Cynthia Has a Secret

And then the email arrived with regard to Tattooed Teardrops…

Your book won the award for top fiction title!  Congratulations!

tattooed mockup-1Yes, you read that right, first place winner! Fantastic. As I posted back when they confirmed that Tattooed Teardrops had been nominated, I felt that Tattooed Teardrops was an even better book and better contender for the award than Ruby, Between the Cracks, and it looks like the Committee agreed.

More about the award

In the Margins Book Award and Selection Committee, (ITM) a committee under the umbrella of Library Services for Youth in Custody (LYSC) strives to find the best books for teens living in poverty, on the streets, in custody—or a cycle of all three.  They identify quality, age-appropriate resources for librarians and library workers to share with the teens in urban, lockdown, homeless shelters and other non-traditional venues for teens living in the margins.

“This is our third year of highlighting self and small press published books that validate, illuminate and humanize those living in the margins. We bring true diversity to bookshelves and libraries by reading, reviewing, debating, soliciting teen feedback and awarding  honors for these titles,” says the Committee. “The majority of  our list may be unknown to you or have gotten little attention in traditional reviews, but are hits with our teens. This is  a statement for the need for more of us to look for and highlight diverse books.”

If you have contacts in your local library or junior high/high school, please make sure they see this list!

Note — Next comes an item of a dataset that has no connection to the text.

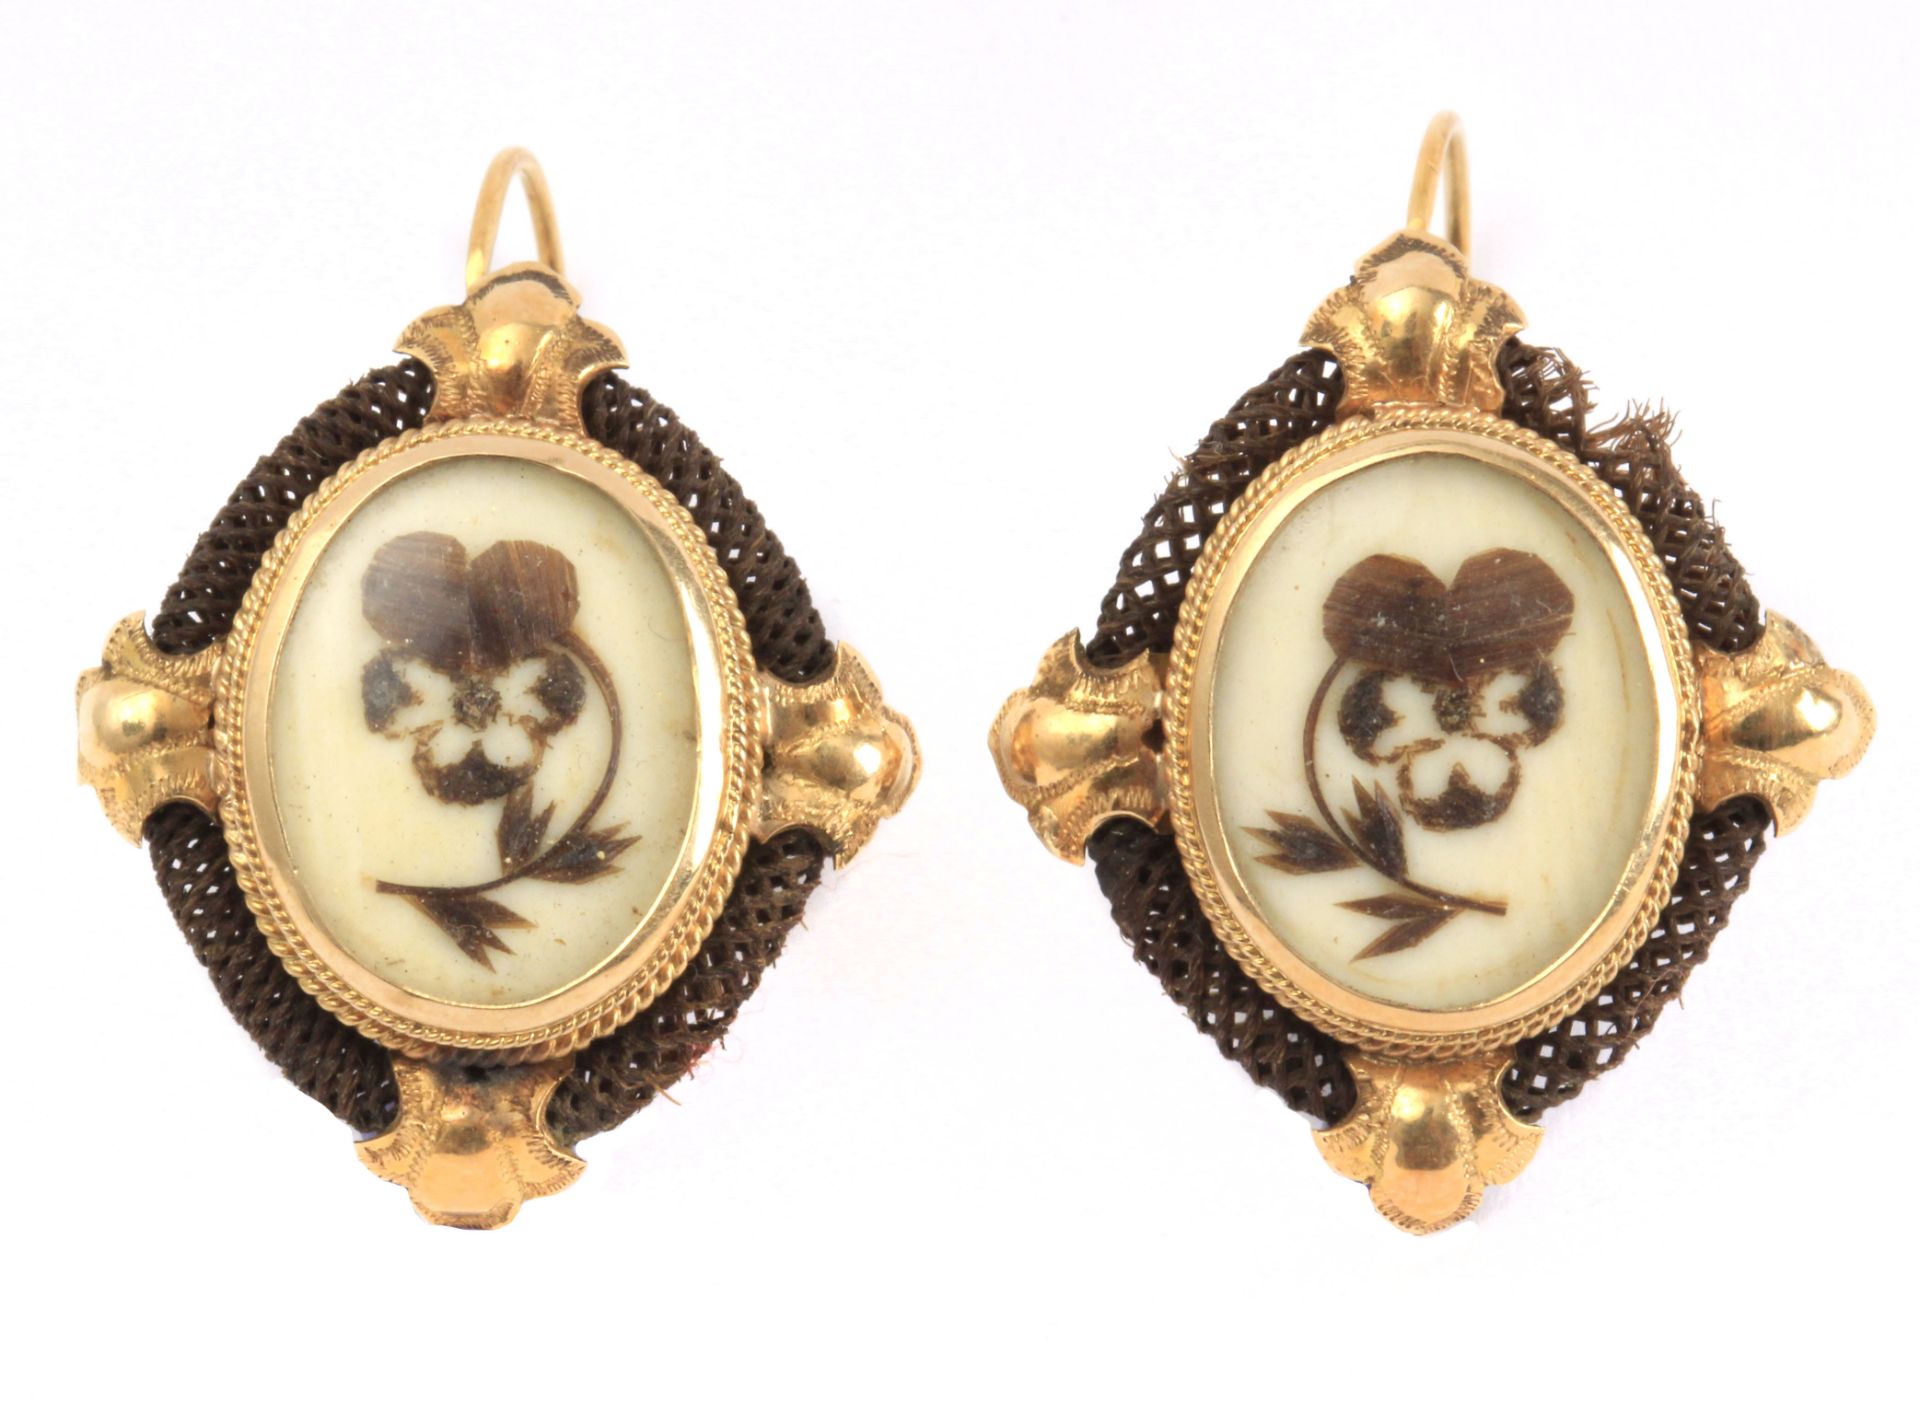 A pair of 19th century mourning earrings

As with Ruby, I will be posting Tattooed Teardrops to Wattpad and they will be featuring it.

For schools and libraries that are ordering copies, Tattooed Teardrops is available through Ingram (softcover ISBN 9781926500294 and hardcover ISBN 9781926500409) and Createspace (softcover ISBN 9780993768750).


 

More books on the Top Ten Best Books for Teens list (these all look so good!):

BUTLER, Tewhan. America’s Massacre: The Audacity of Despair and a Message of Hope. – Top Non-Fiction Award!
Raise UP Media. October 2014. PB $19.99.
ISBN 9780692281826
Without making excuses for his past, Tehwan Butler articulately describes the growth of gang lifestyle in inner cities. Butler’s gift at persuasive storytelling is what helped him fill the ranks of the first Bloods on the East Coast. Now he uses that same gift to persuade others not to follow the same path.

CARTER, Alton. The Boy Who Carried Bricks:A True Story of Survival.
Roadrunner Press. March 2014. 196p. HC $18.95.
ISBN 9781937054342.
Growing up in a violent, neglectful environment Alton Carter left his family and faced even more horrifying experiences in foster care. Motivated to be a good father, Carter successfully graduated from high school and college. Carter’s straightforward description will resound with many youth who have faced a troubled homelife.

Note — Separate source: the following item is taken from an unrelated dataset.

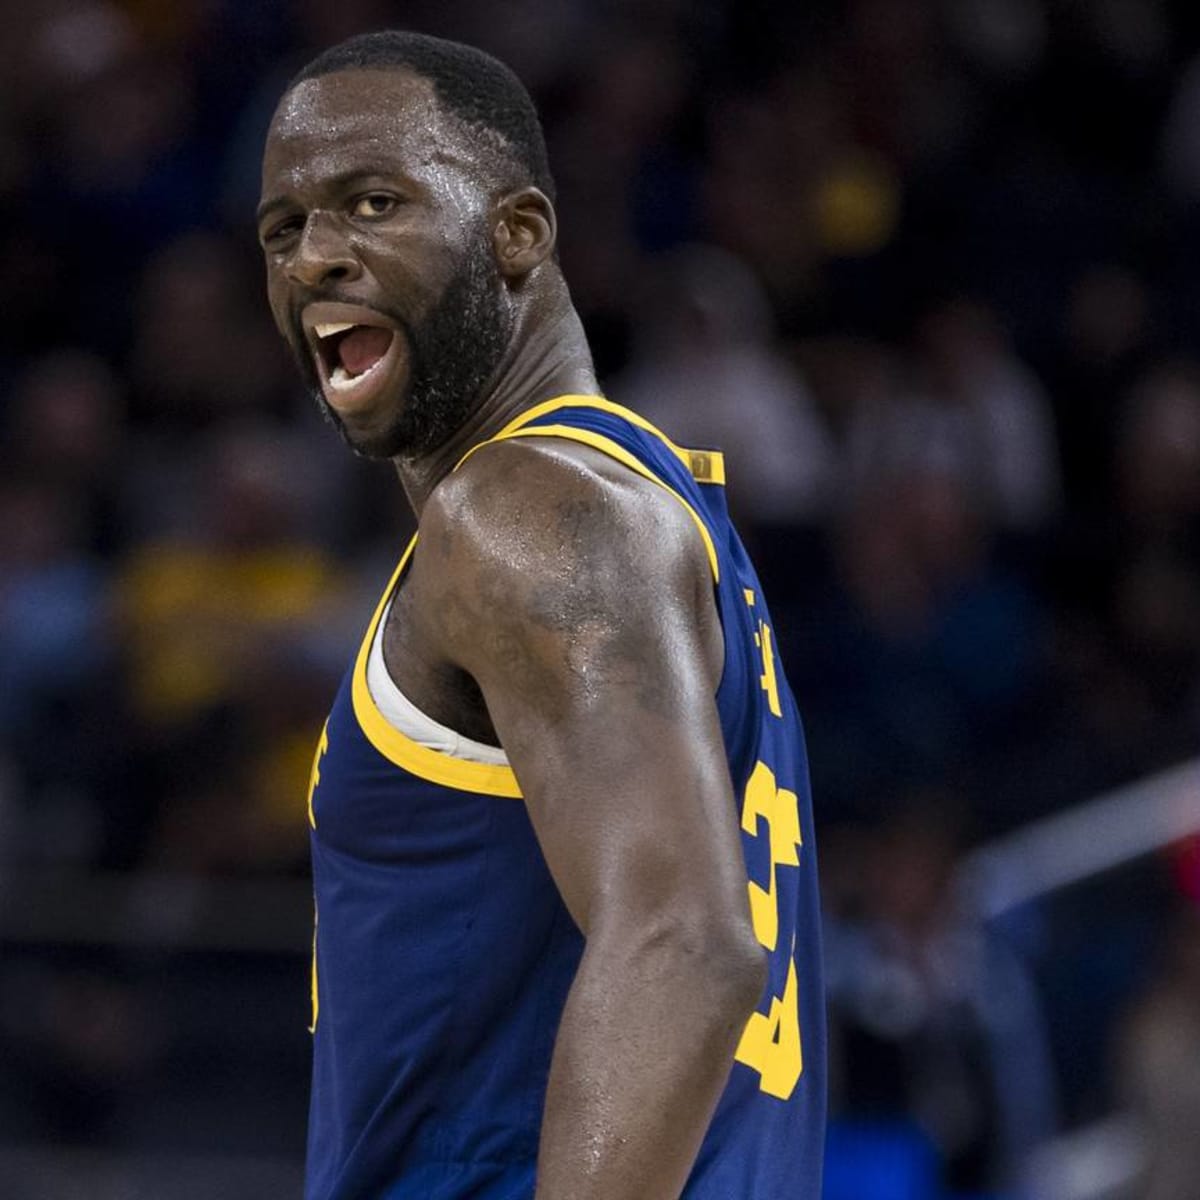 Draymond Green says NBA players are 'castrated' for seeking trades, NBA

DEUTCH, Kevin. The Triangle: A Year on the Ground with New York’s Bloods and Crips.
Lyons Press. December 2014. 214p. PB. $16.95.
ISBN 781493007608.
Deutsch traces the violence and futility of the war between the Bloods and the Crips in the New York neighborhood known as The Triangle. A once peaceful community locked its doors and minds to the gunfire and bloodshed of the gangbangers who terrorized them in the gangs’ quest to control the drug trade and fight for the “twisted” rewards of respect, honor, and revenge.

FRANK, E.R. Dime

Simon Teen. May 2015. 336p. HC $17.99.
ISBN 9781481431606.
Thirteen year old Dime thought Daddy was different. She believes she has found the long sought-after love and support she needs. What she thinks she has, soon crumbles when she is told she now had to earn her stay and is sent to the streets to make her way. When she discovers a young 10 year old girl alone in a locked room with video equipment, she is finally shocked straight and can’t imagine what type of person could do something so heinous to a young child. Dime knows she has to get away, but does she have the strength to escape? Can she help the others?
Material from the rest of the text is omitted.